Appendix E of PS 3.15 documents a system for protecting attributes; a section is reproduced below:
The Attributes listed in Table E.1-1 for each profile are contained in Standard IODs, or may be contained in Standard Extended IODs. An implementation claiming conformance to an Application Level
Confidentiality Profile as a de-identifier shall protect or retain all instances of the Attributes listed in Table E.1-1, whether contained in the main dataset or embedded in an Item of a Sequence of Items. The following action codes are used in the table:
– D – replace with a non-zero length value that may be a dummy value and consistent with the VR
– Z – replace with a zero length value, or a non-zero length value that may be a dummy value and consistent with the VR
– X – remove
– K – keep (unchanged for non-sequence attributes, cleaned for sequences)
– C – clean, that is replace with values of similar meaning known not to contain identifying information and consistent with the VR
– U – replace with a non-zero length UID that is internally consistent within a set of Instances
– Z/D – Z unless D is required to maintain IOD conformance (Type 2 versus Type 1)
– X/Z – X unless Z is required to maintain IOD conformance (Type 3 versus Type 2)
– X/D – X unless D is required to maintain IOD conformance (Type 3 versus Type 1)

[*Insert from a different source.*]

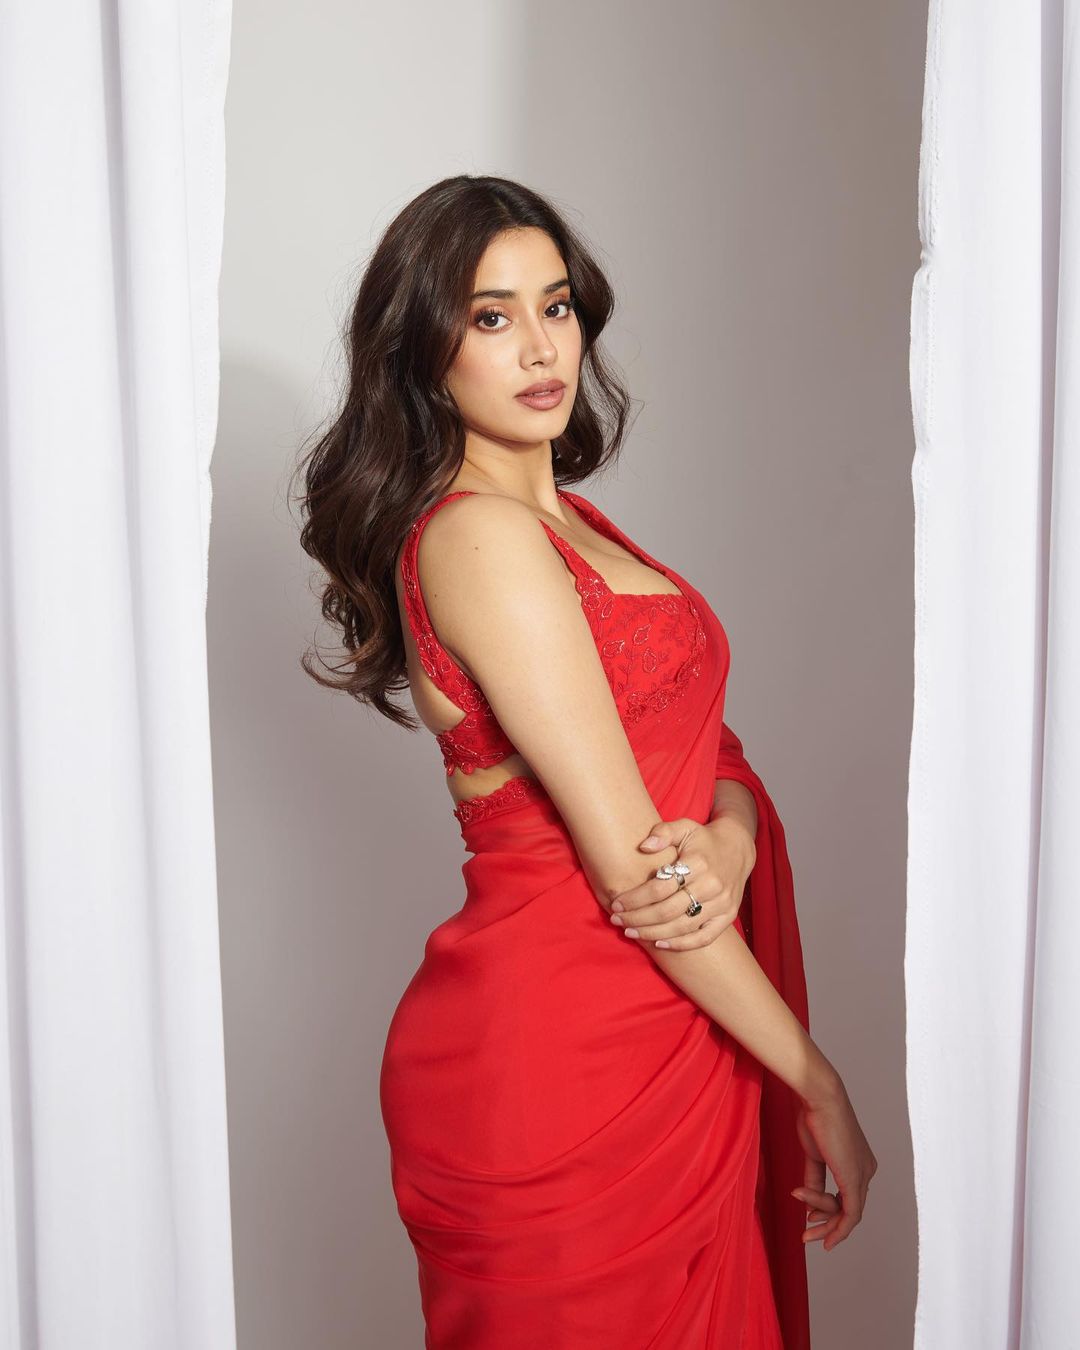 Janhvi Kapoor looks sexy in the plain red chiffon saree.

– X/Z/D – X unless Z or D is required to maintain IOD conformance (Type 3 versus Type 2 versus Type 1)
– X/Z/U* - X unless Z or replacement of contained instance UIDs (U) is required to maintain IOD conformance (Type 3 versus Type 2 versus Type 1 sequences containing UID references)
PS 3.15: E.2 then defines the Basic Application Level Confidentiality Profile, which describes how to apply the scheme above with a number of options that determine the level of protection provided. These definitions allow a system to follow a standard procedure and document the behavior of that system in a standard way.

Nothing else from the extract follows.